### Input
---

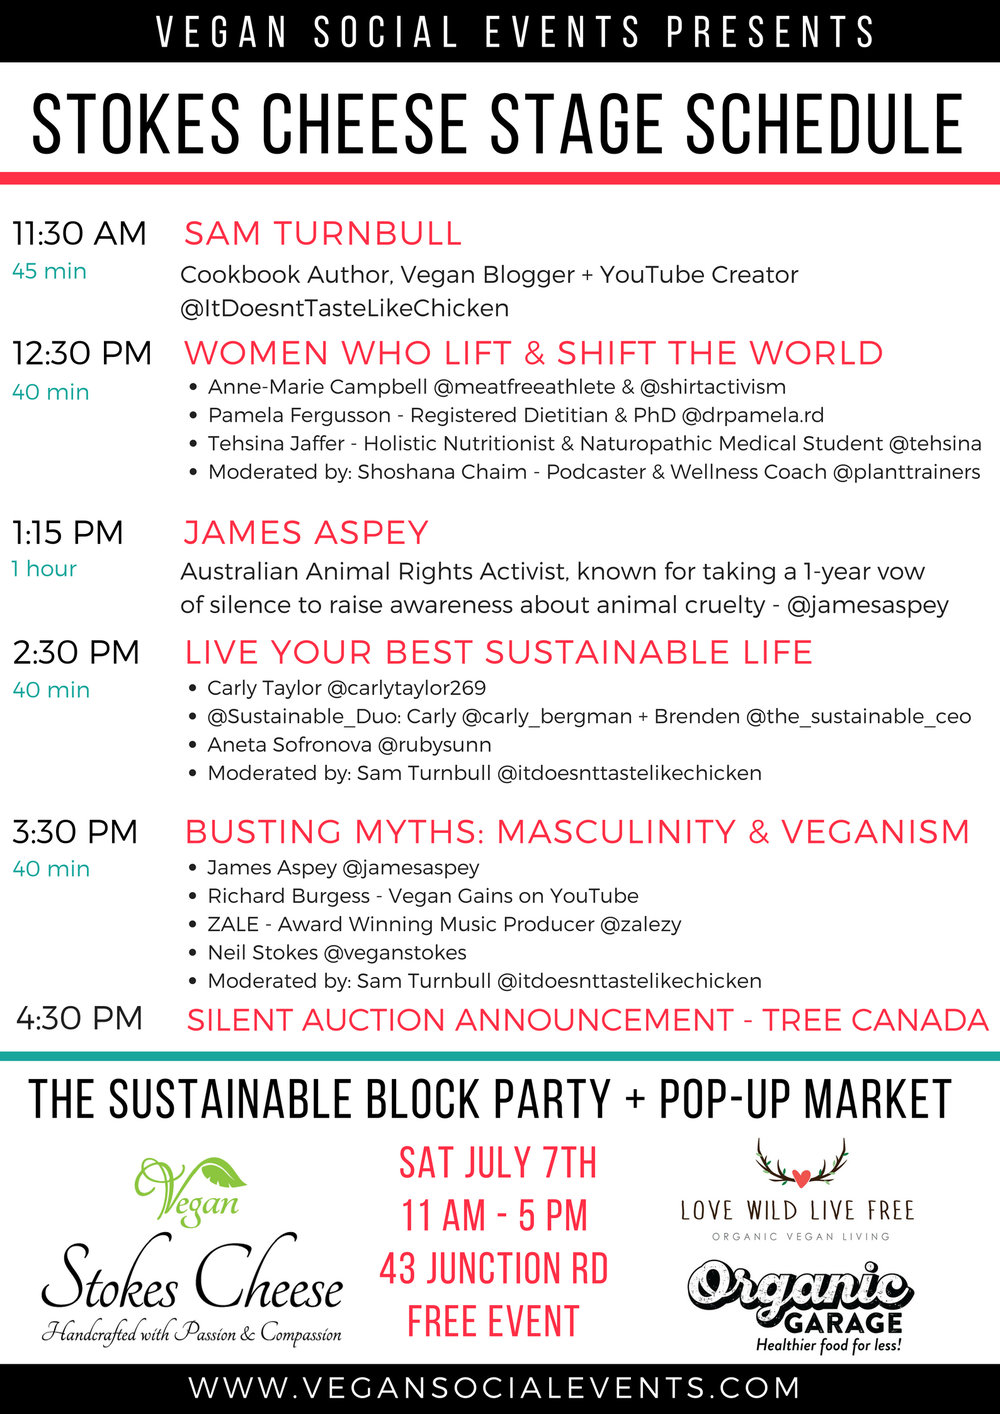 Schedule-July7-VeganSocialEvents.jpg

---

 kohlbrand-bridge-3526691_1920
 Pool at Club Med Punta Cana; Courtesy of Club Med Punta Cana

---

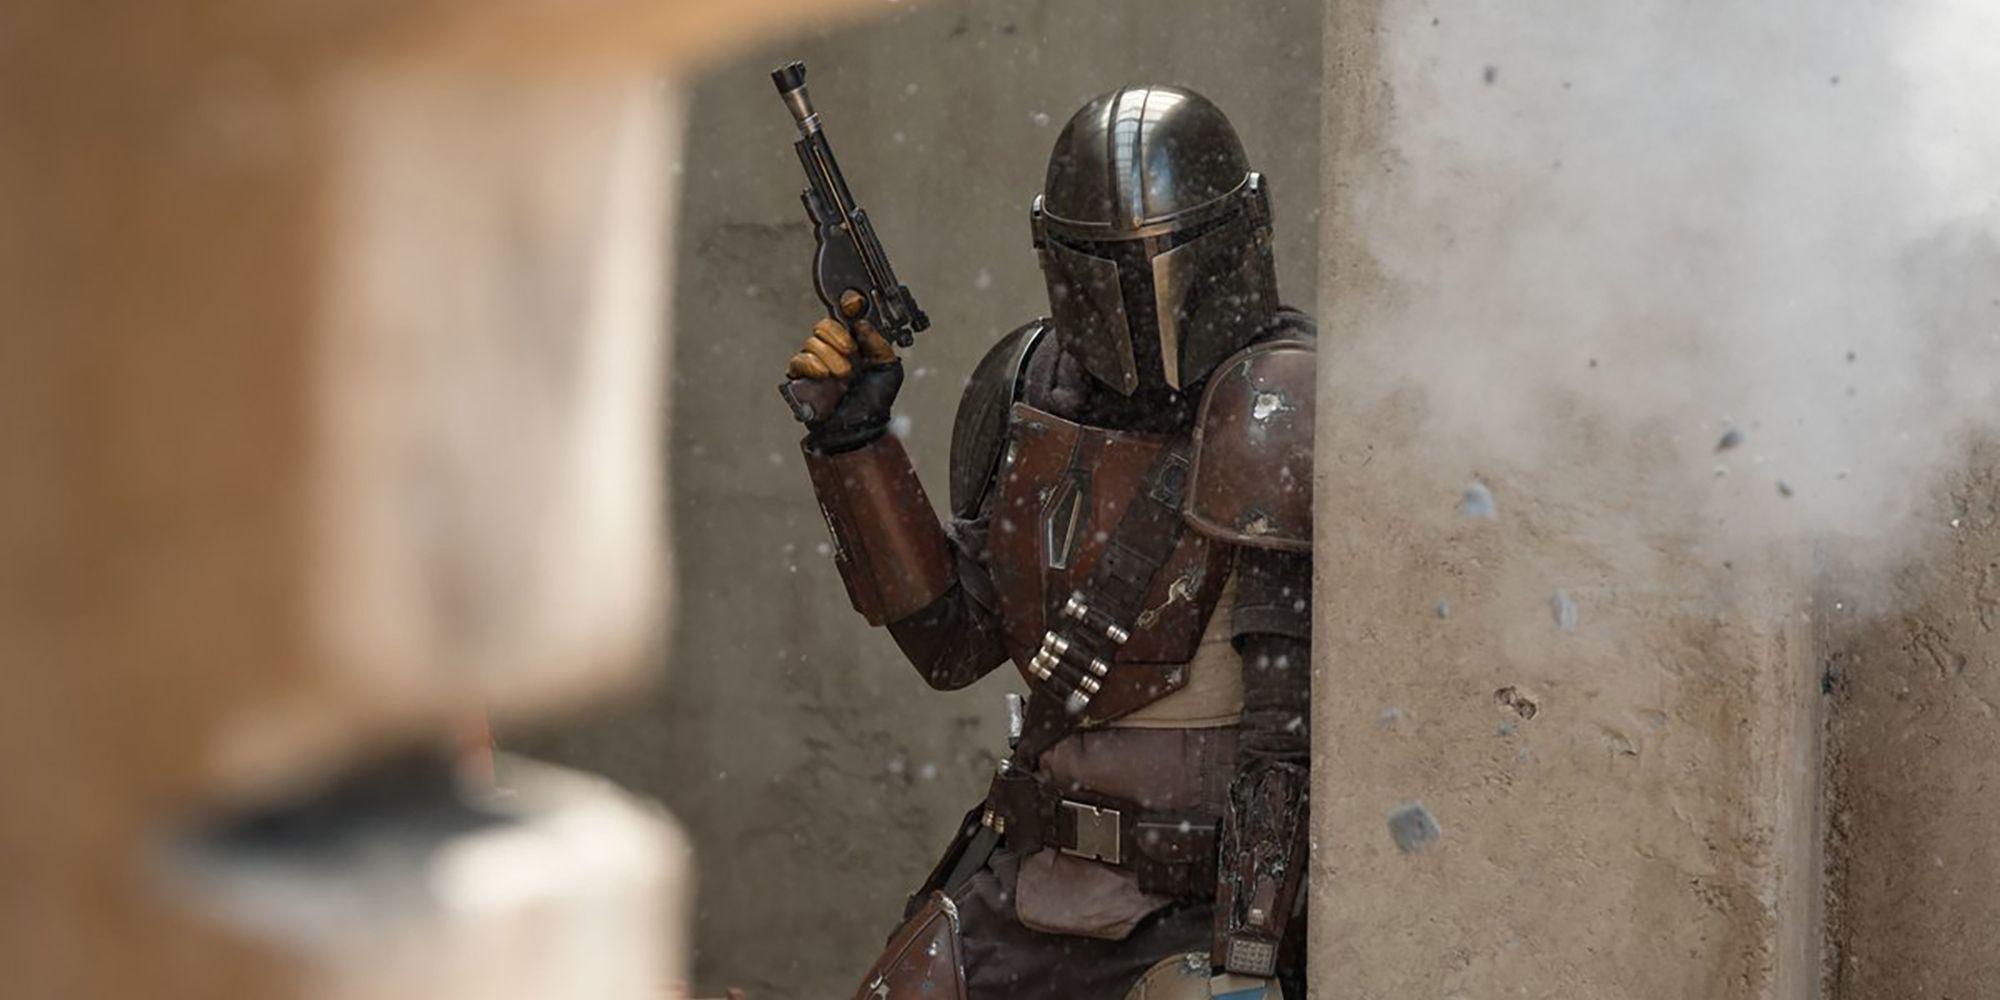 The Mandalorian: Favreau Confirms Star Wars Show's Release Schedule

---

### Prompt
Your answer should consist of the lines from the line with "kohlbrand-bridge-3526691_1920" to the line with "Pool at Club" above, repeated exactly, both ends included.

### Result for this exercise
 kohlbrand-bridge-3526691_1920
 Pool at Club Med Punta Cana; Courtesy of Club Med Punta Cana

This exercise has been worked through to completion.